Une annonce présidentielle réitérée

Le président des États-Unis, Donald Trump, a une nouvelle fois affirmé que le détroit d'Ormuz serait « complètement ouvert » dès vendredi 19 juin, soit dans trois jours, à l'occasion de la signature de l'accord de paix entre Washington et Téhéran. Cette déclaration, répétée à plusieurs reprises, intervient alors que le conflit au Moyen-Orient, déclenché le 28 février 2025, semble s'acheminer vers un règlement négocié.

Selon les termes de l'accord, les deux capitales sont parvenues à une entente sur l'ensemble des fronts, y compris au Liban, et la réouverture du détroit d'Ormuz figure parmi les dispositions centrales du texte. La signature officielle est prévue pour le vendredi 19 juin.

La question des mines non résolue

Cependant, des doutes subsistent quant à la faisabilité technique d'une réouverture rapide. Des zones du détroit auraient été minées au cours des hostilités, et l'administration américaine assure connaître l'emplacement précis de ces engins explosifs. Mais l'absence de confirmation sur le déminage effectif des voies de navigation alimente les interrogations des experts et des armateurs.

Les autorités françaises, par la voix du président Emmanuel Macron, ont déjà écarté l'idée d'un « péage » pour le transit et promis une reprise rapide du trafic. Paris et Londres se sont dits prêts à rétablir la navigation dès que les conditions de sécurité seront réunies, indiquant disposer d'un plan opérationnel.

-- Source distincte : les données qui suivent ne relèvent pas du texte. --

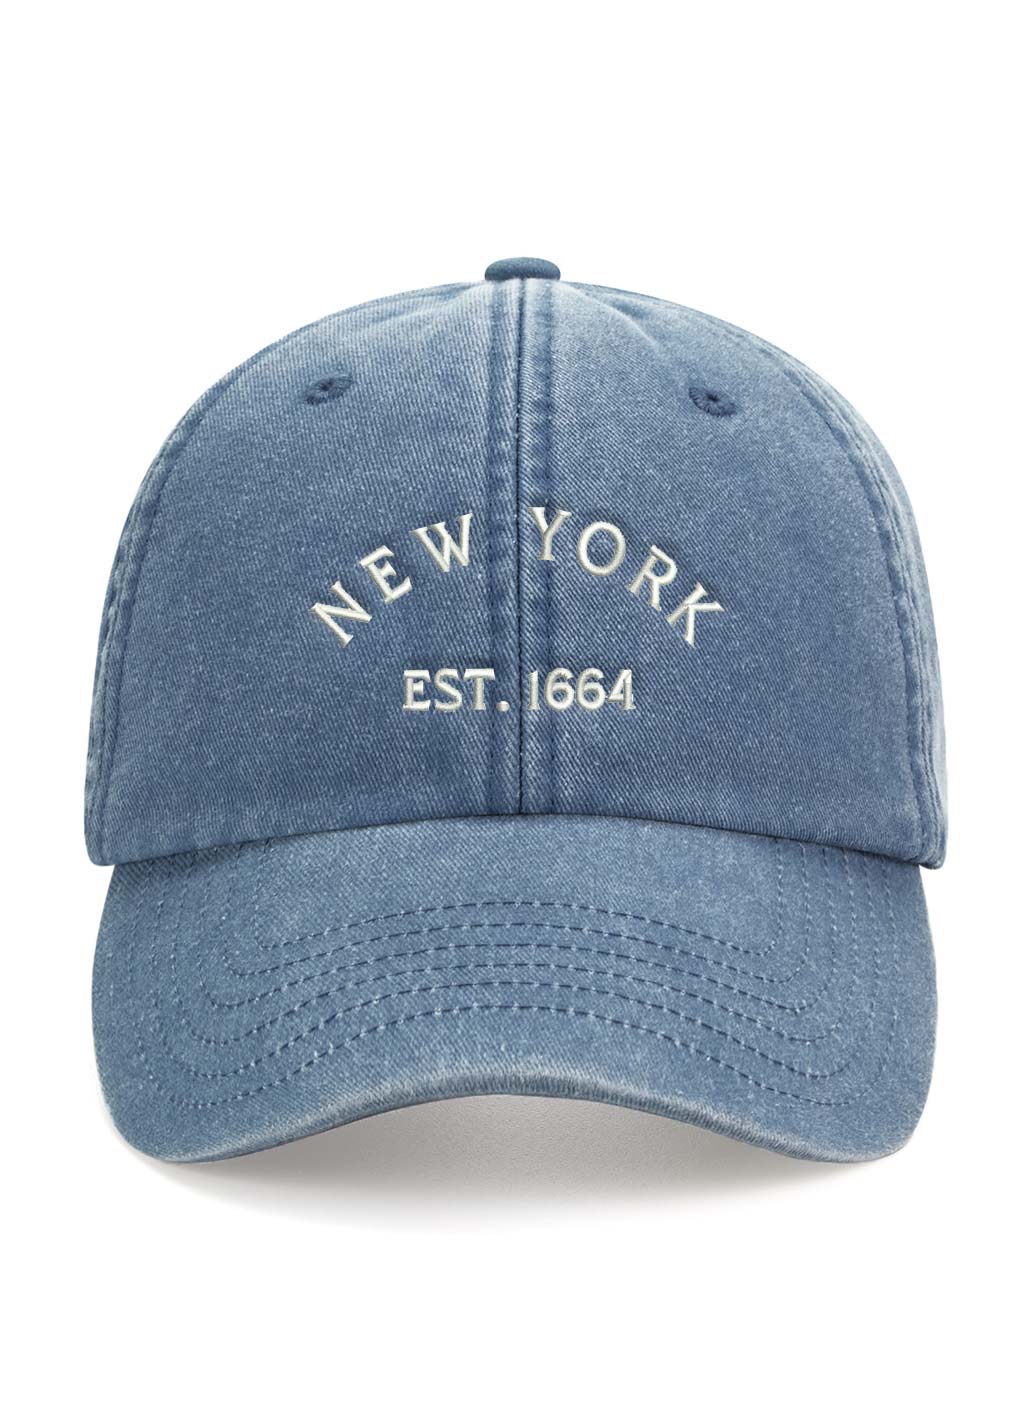 'NEW' VINTAGE NEW YORK CAP - LIGHT DENIM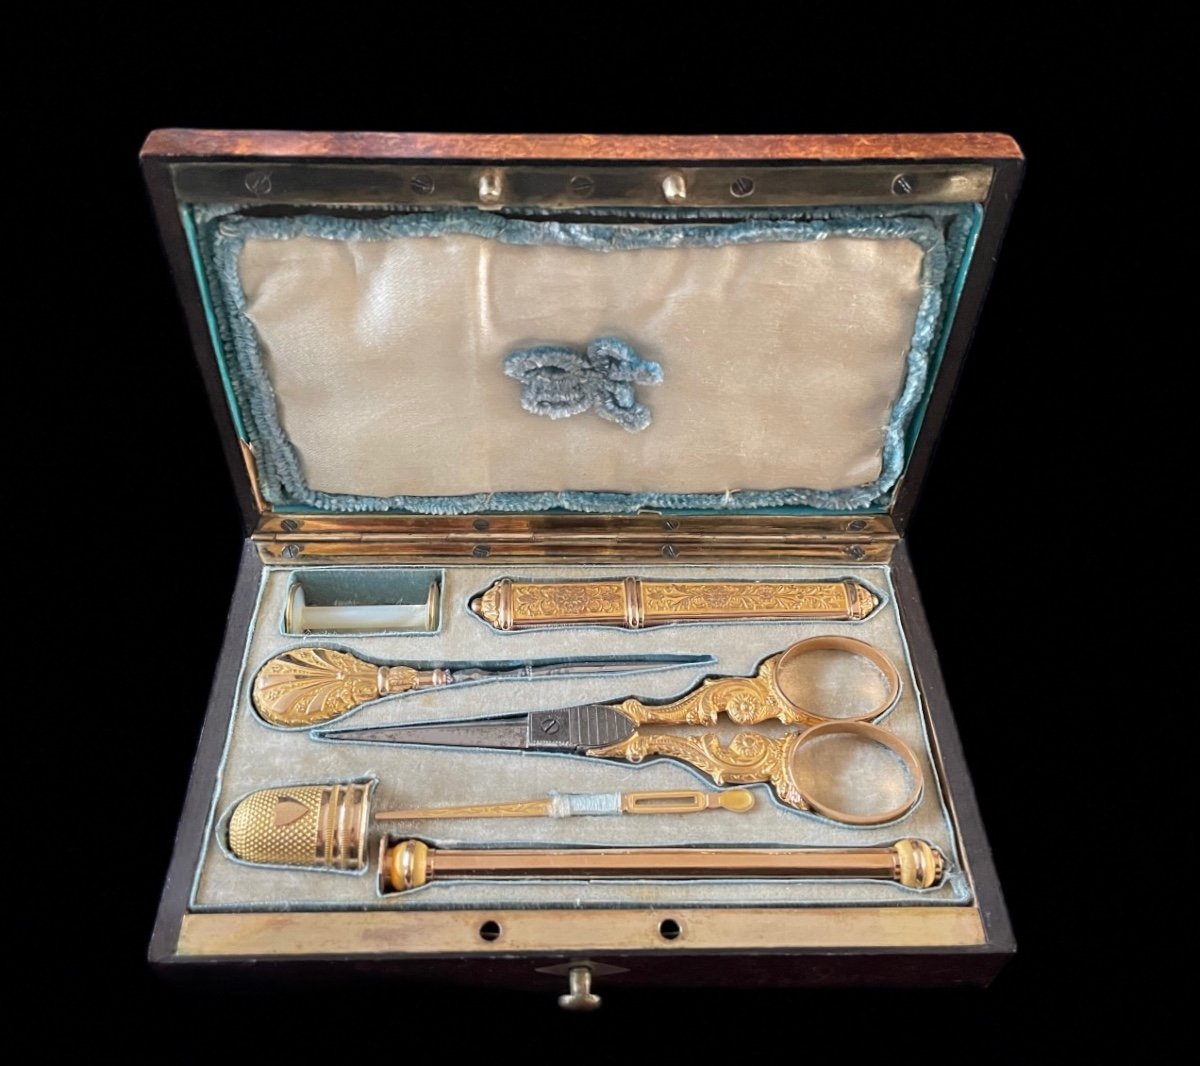 Mme De L, Luxurious Sewing Box With Gold Accessories, Paris, Louis XVIII Era

Réactions contrastées à Téhéran et Paris

Du côté iranien, les déclarations trumpiennes sont accueillies avec une certaine retenue. Bien que le gouvernement iranien soit partie prenante à l'accord, il n'a pas officiellement confirmé la date précise de la réouverture ni le caractère « complet » de celle-ci. Téhéran insiste sur la nécessité de finaliser les modalités pratiques, notamment en matière de sécurité maritime.

En France, l'exécutif se montre également prudent. Emmanuel Macron a salué l'accord mais souligné que la reprise de la navigation devait reposer sur des garanties solides. Le chef de l'État a notamment évoqué la nécessité d'un mécanisme de vérification indépendant.

Enjeux économiques majeurs

La réouverture du détroit d'Ormuz, par où transite une part significative du pétrole mondial, est attendue avec impatience par les marchés et les automobilistes. Après des semaines de flambée des prix à la pompe, les consommateurs espèrent une baisse rapide du coût des carburants. Les analystes estiment qu'une normalisation du transit pourrait faire baisser les prix du brut de plusieurs dollars le baril.

L'accord de paix américano-iranien, s'il se concrétise comme annoncé, marquerait la fin de plus de trois mois de conflit ouvert qui a secoué toute la région. La question de la réouverture du détroit d'Ormuz en est un des symboles les plus tangibles.